- Born: 1969 (age 56–57) Limerick, Ireland
- Citizenship: Ireland, USA
- Education: University of Limerick, Wolfson College, Oxford, St John's College, Cambridge
- Known for: Formal methods, Vice-President of IFIP
- Scientific career
- Fields: Computer science
- Workplaces: University of Nebraska–Lincoln, Queen's University Belfast, New Jersey Institute of Technology, University of Skövde, Loyola College in Maryland, University of Queensland, Virginia Tech, NASA Goddard Space Flight Center University of Limerick

= Michael Hinchey =

Irish computer scientist

Michael Gerard Hinchey (born 1969) is an Irish computer scientist and former Director of the Irish Software Engineering Research Centre (Lero), a multi-university research centre headquartered at the University of Limerick, Ireland. He now serves as Head of Department of the Department of Computer Science & Information Systems at University of Limerick.

Mike Hinchey studied at the University of Limerick as an undergraduate (was the leading student in his graduating year), Oxford University (at Wolfson College) for his MSc and Cambridge University (at St John's College) for his PhD.

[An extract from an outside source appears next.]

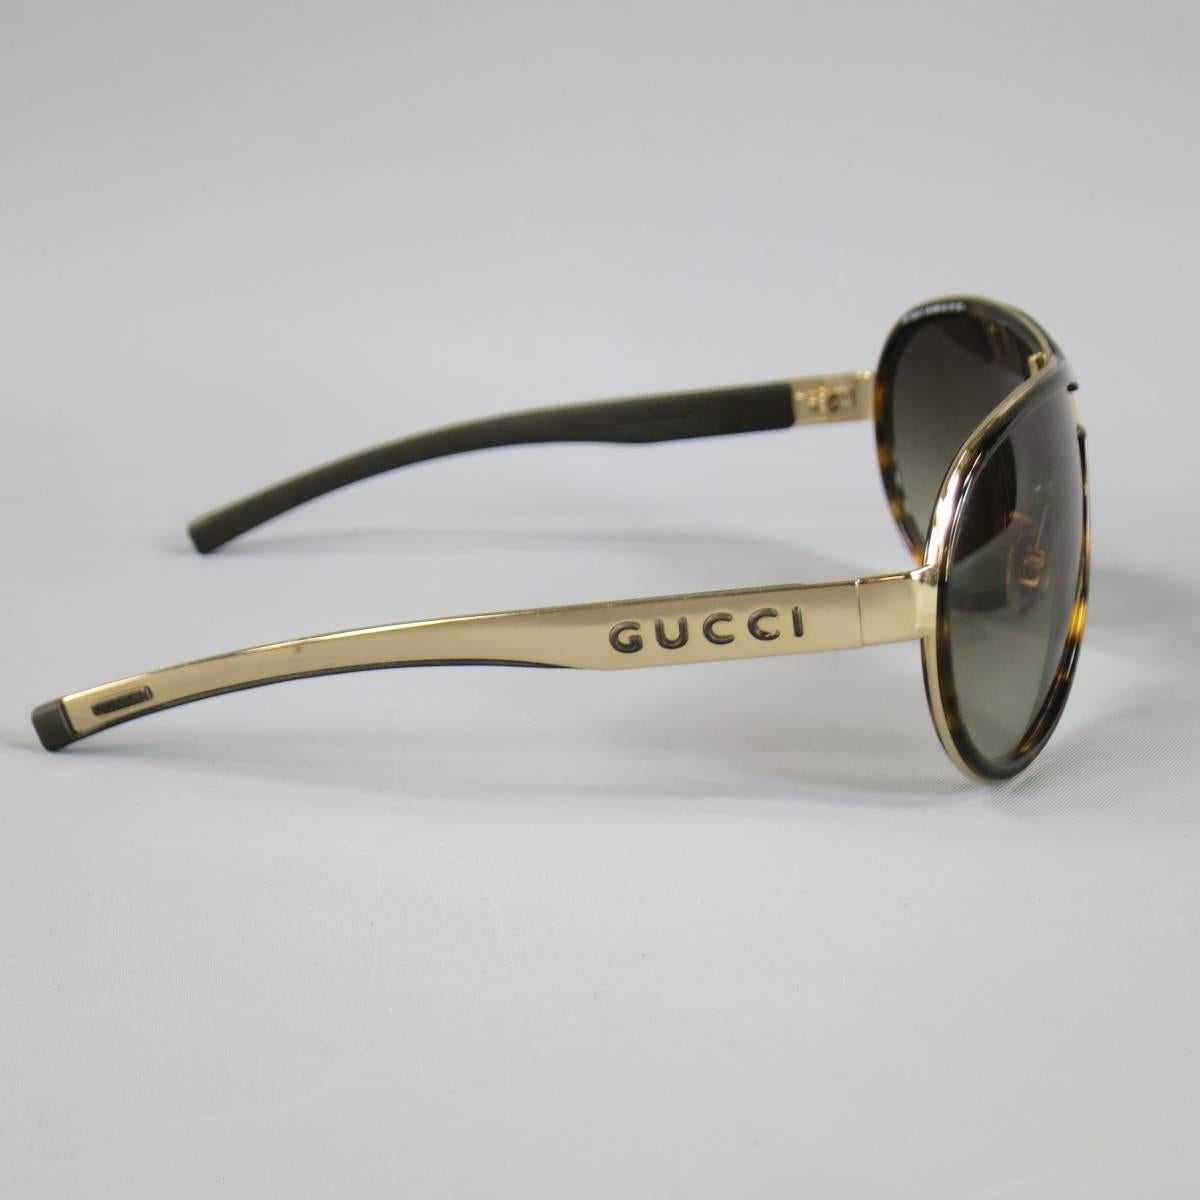 GUCCI Sunglasses consists of acetate and metal material in a tortoiseshell color tone. Designed in a sleek aviator frame, solid gold temples with

Hinchey has been a promulgator of formal methods throughout his career, especially CSP and the Z notation. He was Director of the NASA Software Engineering Laboratory at NASA Goddard Space Flight Center and is the founding editor-in-chief of the NASA journal Innovations in Systems and Software Engineering, launched in 2005.

He has held many academic positions, both visiting and permanent, at a number of universities including the University of Nebraska–Lincoln, Queen's University Belfast, New Jersey Institute of Technology, Hiroshima University the University of Skövde in Sweden and was at Loyola College in Maryland (now Loyola University Maryland), United States, before his current post.

Hinchey is a Member of Academia Europaea, a Fellow of the IET, a Fellow of the IMA, and a Senior Member of the IEEE. He is a Chartered Engineer, Chartered Professional Engineer, Chartered Mathematician and Chartered IT Professional.

As of 2016, Hinchey has been serving as President of IFIP (International Federation for Information Processing).

==Selected publications==
- Hinchey, M.G. and Bowen, J.P., editors, Applications of Formal Methods. Prentice Hall International Series in Computer Science, 1995. ISBN 0-13-366949-1.
- Dean, C.N. and Hinchey, M.G., editors, Teaching and Learning Formal Methods, Academic Press, London, 1996. ISBN 0-12-349040-5.
- Bowen, J.P. and Hinchey, M.G., editors, High-Integrity System Specification and Design. Springer-Verlag, London, FACIT series, 1999. ISBN 3-540-76226-4.
- Hinchey, M.G. and Bowen, J.P., editors, Industrial-Strength Formal Methods in Practice. Springer-Verlag, London, FACIT series, 1999. ISBN 1-85233-640-4.